CM: It’s an interesting proposition, trying to photograph people’s memories, which you’ve done very evocatively here in this series.  This is also filled out in the powerful stories you’ve distilled alongside the portraits. It must have been difficult for some of your subjects to share their stories, how did you navigate this emotional terrain?

DZ: It was difficult, for sure. I’m always careful to tell people I interview for this project — you can share as much or as little as you’d like with me. I’m not a trained therapist, I’m not a social worker, I’m not necessarily the right person for people to be listening to disclosures of severe sexual assault and trauma. But I am here to listen, and for some people storytelling is a form of healing. Most residential school survivors I interviewed spoke to me for hours. But there were definitely a few (men, primarily) who were willing to participate and be photographed, but barely wanted to speak at all about their experiences. I think that’s telling to, in its own way. 

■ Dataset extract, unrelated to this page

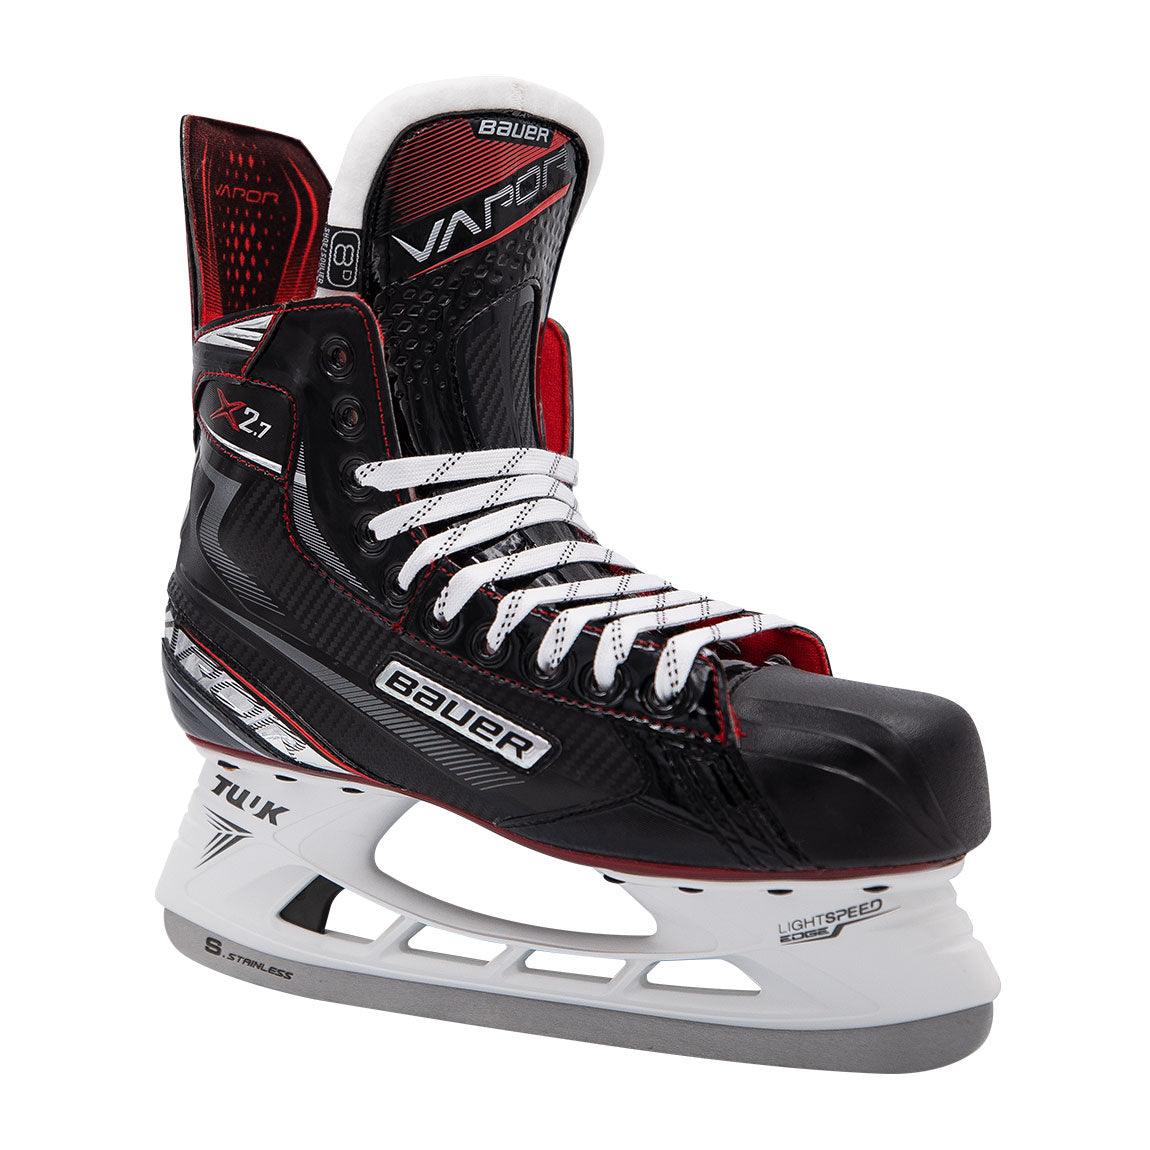 Vapor X2.7 Hockey Skates - Junior - Sports Excellence
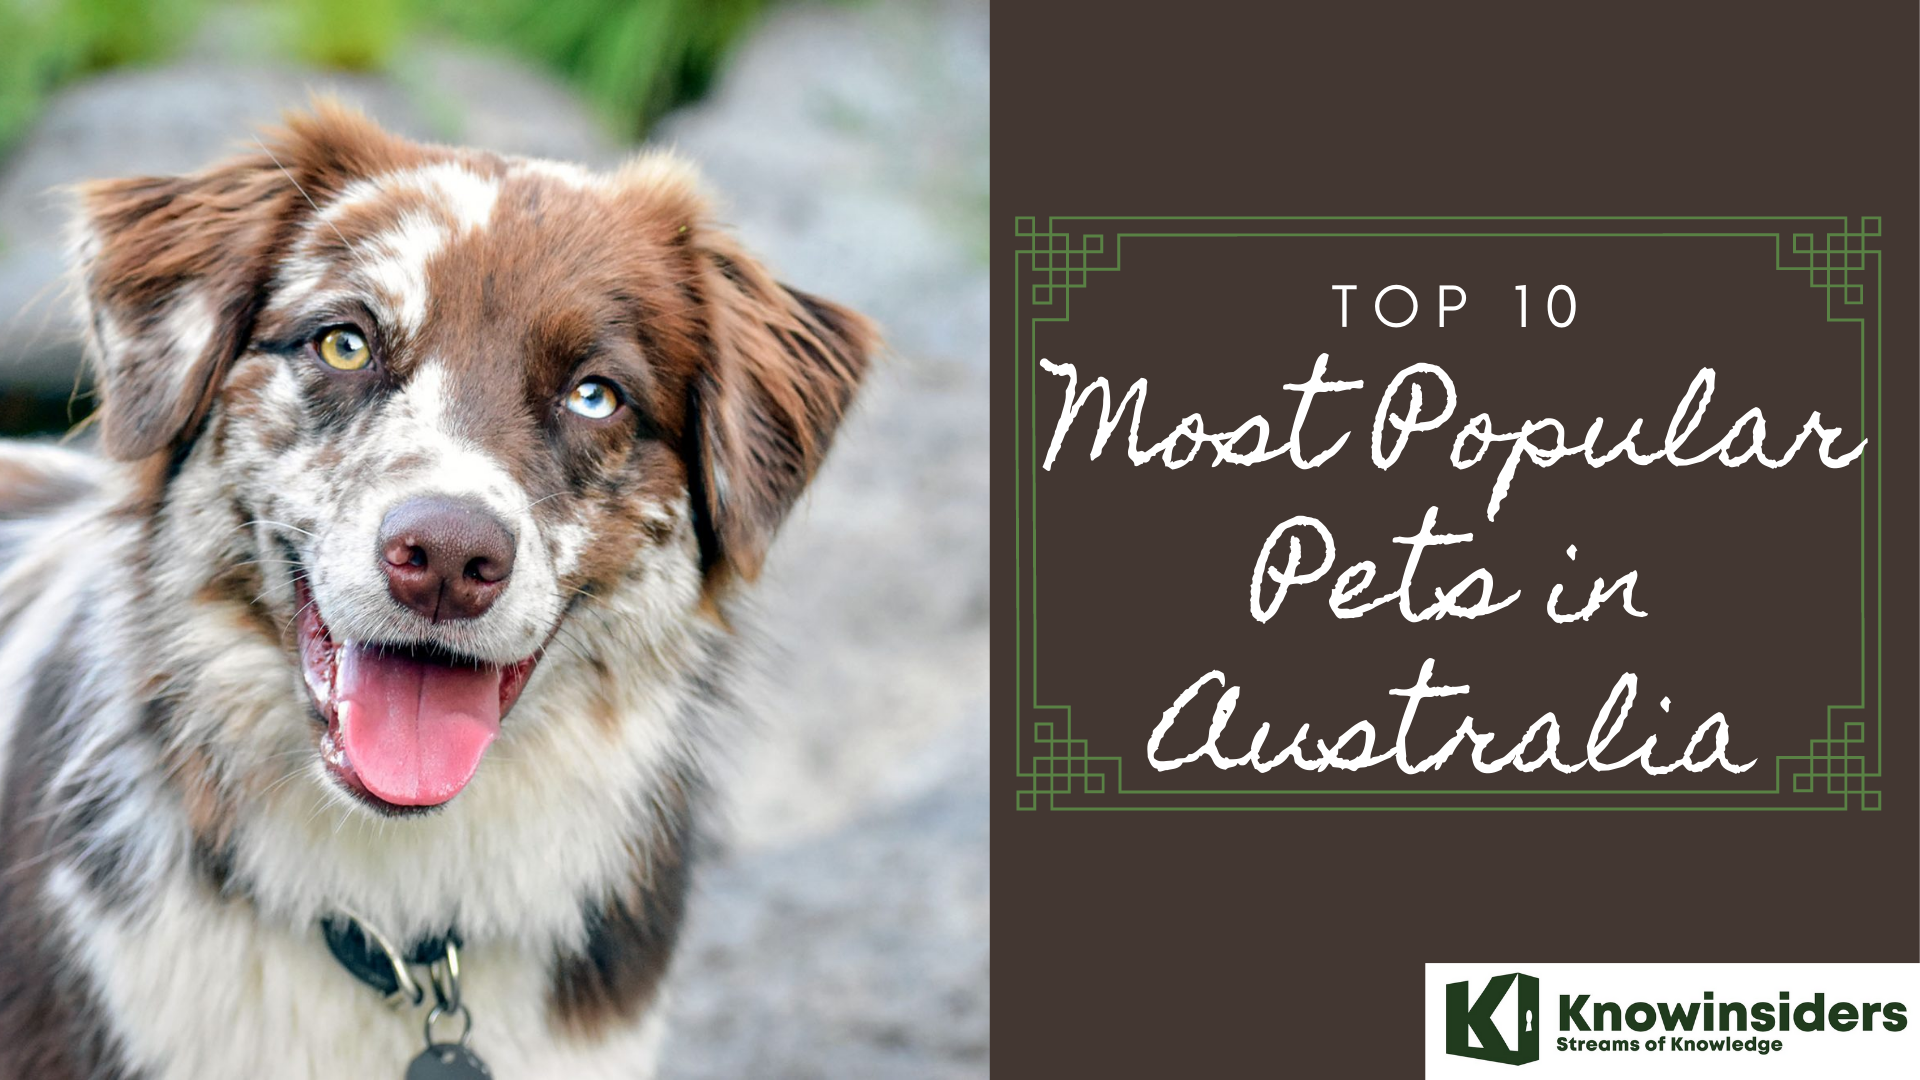 Top 10 Most Popular Pets in Australia

CM: Could you tell me about the process that enabled ‘Signs of Your Identity’ to be published in book form? I’m interested in your goal that this publication becomes a teaching tool for young people, which one doesn’t often find from photobook makers.  How did this influence the physical manifestation of your book and its planned distribution?

DZ: I’d never meant to make a photo book (I was planning on something a little more mass market, or even online teaching tools) — but was lucky enough to win the FotoEvidence Book Award and the whole process came together very quickly. The Pulitzer Center on Crisis Reporting — who funded the Canadian chapter of this project and segments of the work in America and Australia as well — agreed to purchase several hundred copies to distribute to high schools in Canada and the U.S. and it’s been really great to take the work and the history into classrooms. I don’t know that I explicitly designed the book for classrooms — but I definitely wanted it to be accessible, relatable, and for the text to entirely come from the voices of the people I’d interviewed.

CM: Could you tell us what you are working on at the moment, and do you have plans for future publications?

DZ: I’m still working on ‘Signs of Your Identity’ — this year I spent a couple months in Australia, and next year I’ll spend most of the year on the road in the U.S. I plan to cover the parallel systems of coercive assimilation education that existed for Indigenous children in New Zealand, Norway, Greenland, Taiwan, Peru… there are so many countries where nearly identical schools existed. I think this project could take me another ten years to complete. And I hope to eventually make a small book for each country I work in, to be used as a localized teaching tool, and to create one massive book at the end that incorporates the historical photos, archival material, and family images that I’ve also been collecting along the way.

__________

Notes: 

Daniella Zalcman is a documentary photographer based between London and New York. She is a multiple grantee of the Pulitzer Center on Crisis Reporting, a fellow with the International Women’s Media Foundation, and the founder of Women Photograph, an initiative working to elevate the voices of female and non-binary visual journalists.

Her work tends to focus on the legacies of western colonization, from the rise of homophobia in East Africa to the forced assimilation education of indigenous children in North America. Her ongoing project, Signs of Your Identity, is the recipient of the 2017 Arnold Newman Prize, a 2017 Robert F Kennedy Journalism Award, the 2016 FotoEvidence Book Award, the 2016Magnum Foundation’s Inge Morath Award, and part of Open Society Foundation’s Moving Walls 24.

Daniella regularly lectures at high schools and universities, and is available for assignments and speaking engagements internationally. She graduated from Columbia University with a degree in architecture in 2009.